Mighty Fatherland, also known as Mighty Homeland or Powerful Homeland (Հզոր Հայրենիք) is a political party in Armenia. The founder of the party was Vardan Vardapetyan, but since 2006 has been led by the vice-chairman of the party, Shirak Torosyan. Torosyan is also the President of the Javakhk Patriotic Union.

==History==
The party was founded in 1999 by Armenians from the Javakheti region of Georgia.

The party participated in the 1999 Armenian parliamentary election, winning 2.30% of the popular vote, but failed to win any seats in the National Assembly.

Following the 2003 Armenian parliamentary election, the party won 3.30% of the popular vote, failing to gain any political representation. Meanwhile, the party endorsed Robert Kocharyan in the 2003 Armenian presidential election.

Shirak Torosyan decided to run in the 2007 Armenian parliamentary election as part of the Republican Party of Armenia's candidate list, winning a single seat in the National Assembly.

Prior to the 2008 Armenian presidential election, the party endorsed Serzh Sargsyan from the Republican Party.

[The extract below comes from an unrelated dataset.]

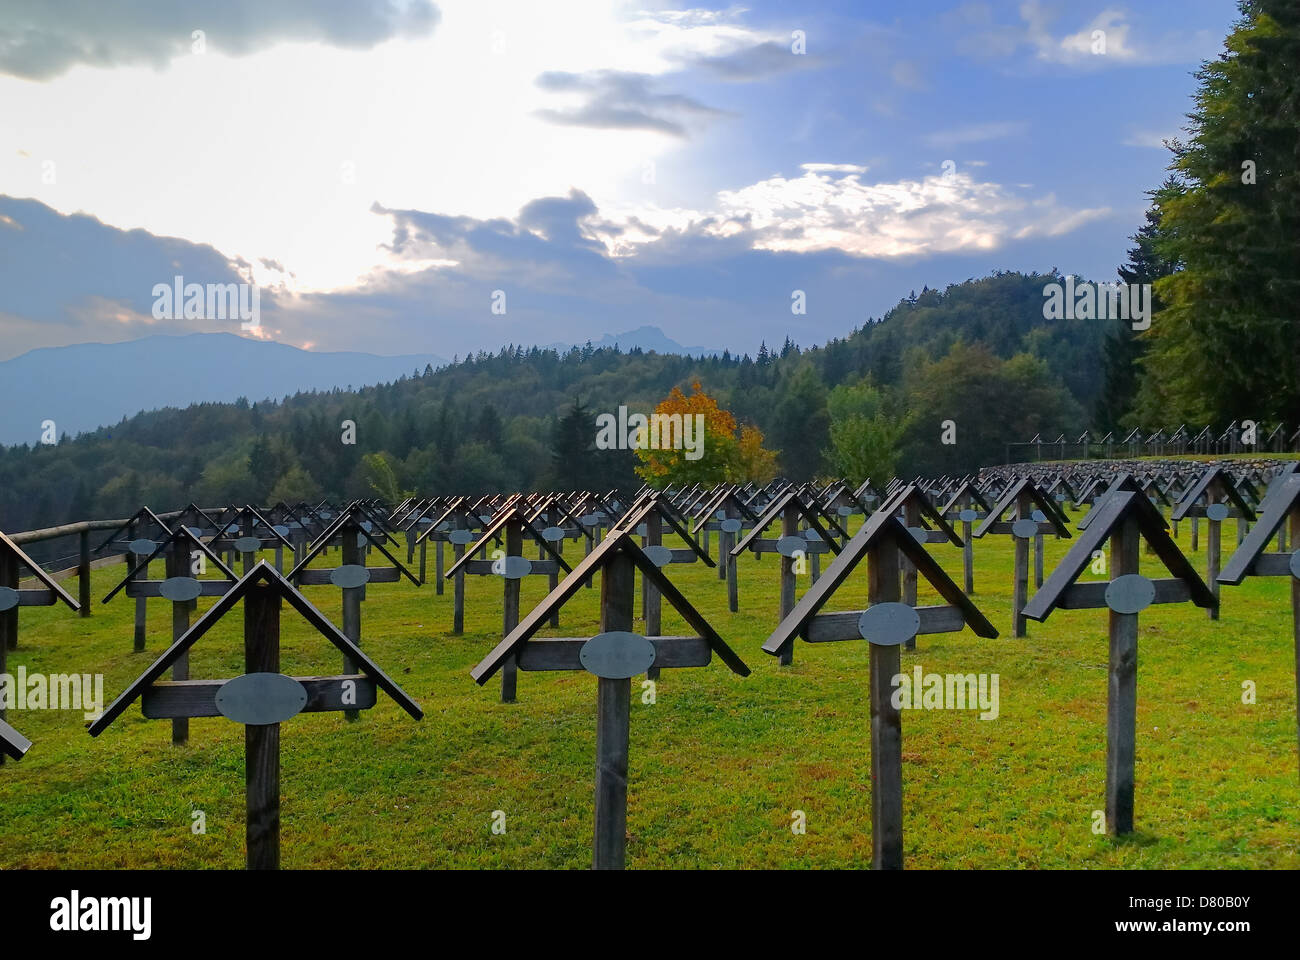 La PREMIÈRE GUERRE MONDIALE. Trentin-haut-Adige, Italie : Slaghenaufi Cimetière de guerre autrichien.Le cimetière à proximité du lac Lavarone. Banque D'Images

In the 2012 Armenian parliamentary election, the party nominated Stepan Margaryan, to run under Prosperous Armenia's electoral list, while Shirak Torosyan was under the Republican Party's.

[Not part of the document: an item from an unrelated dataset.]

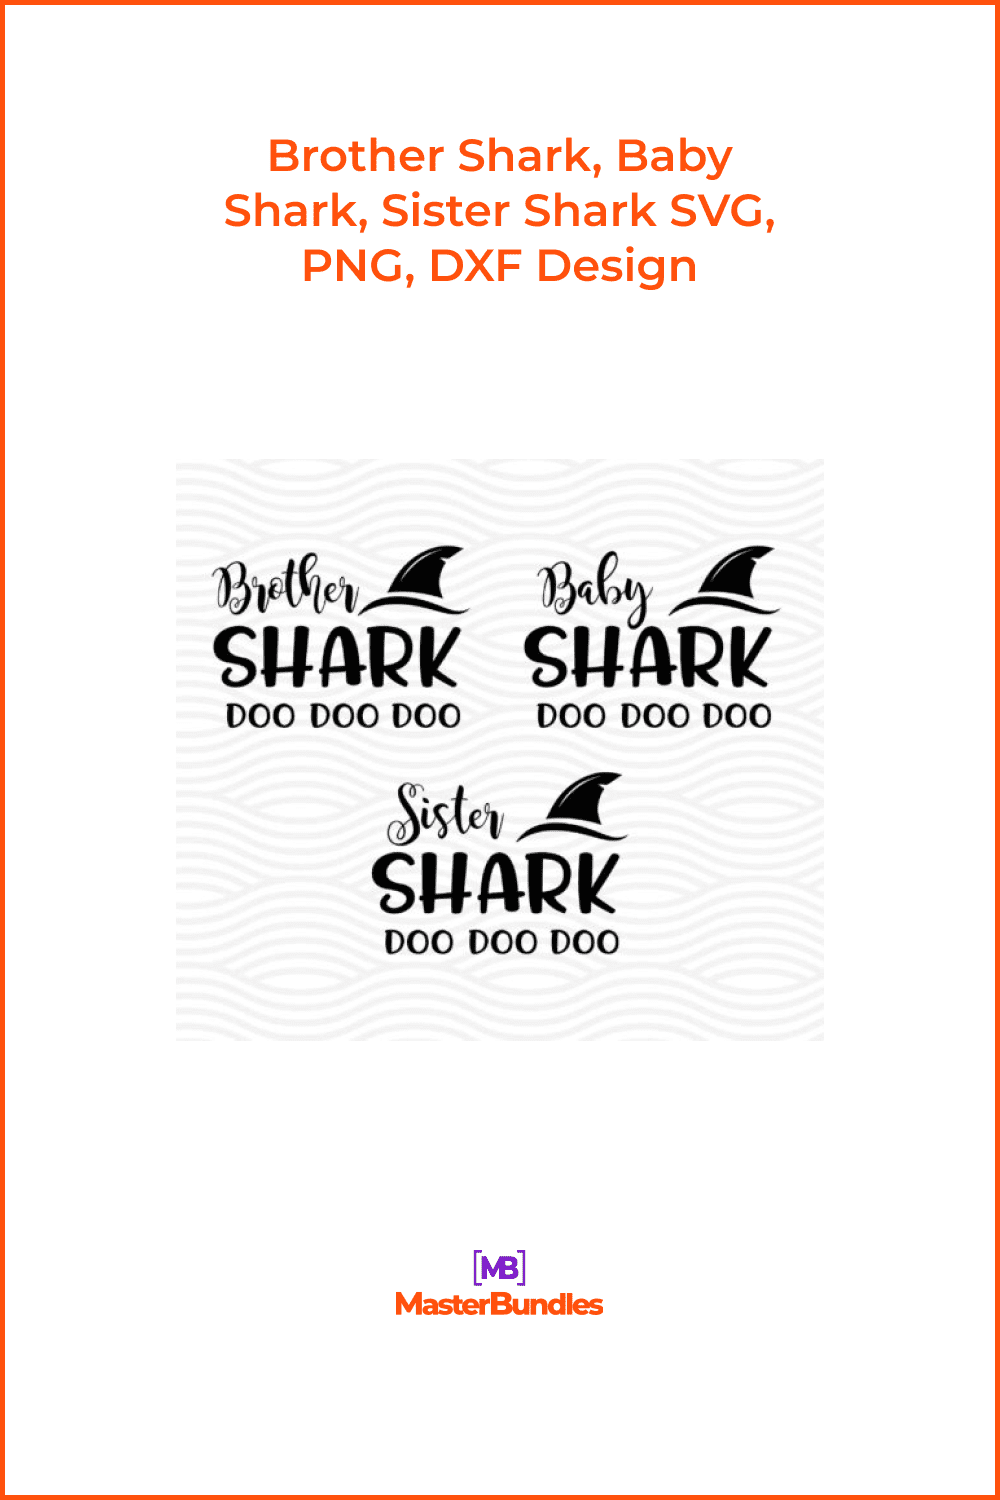 Brother Shark, Baby Shark, Sister Shark SVG, PNG, DXF Design.

Prior to the 2018 Armenian parliamentary election, the party announced that it would no longer endorse the Republican Party of Armenia. Shirak Torosyan announced his support for Nikol Pashinyan. Following Torosyan's statement, the Republican Party decided to cut all ties with Torosyan. Torosyan participated in the 2018 elections as a non-partisan candidate with the My Step Alliance.

Shirak Torosyan announced his intention to participate in the 2021 Armenian parliamentary elections under Nikol Pashinyan's Civil Contract electoral list.

==Ideology==
The party supports fostering stronger ties between Armenia and the Armenian Diaspora as well as strengthening the economic development of the country. In October 2017, prior to the signing of the Armenia–EU Comprehensive and Enhanced Partnership Agreement, Shirak Torosyan stated, "Armenia will have the possibility of comprehensive relations with the EU in economy, trade, and a number of other areas, which are fixed in the document. This will become a new impetus to build a new type of relationship with the West. This is a major achievement in the field of foreign policy."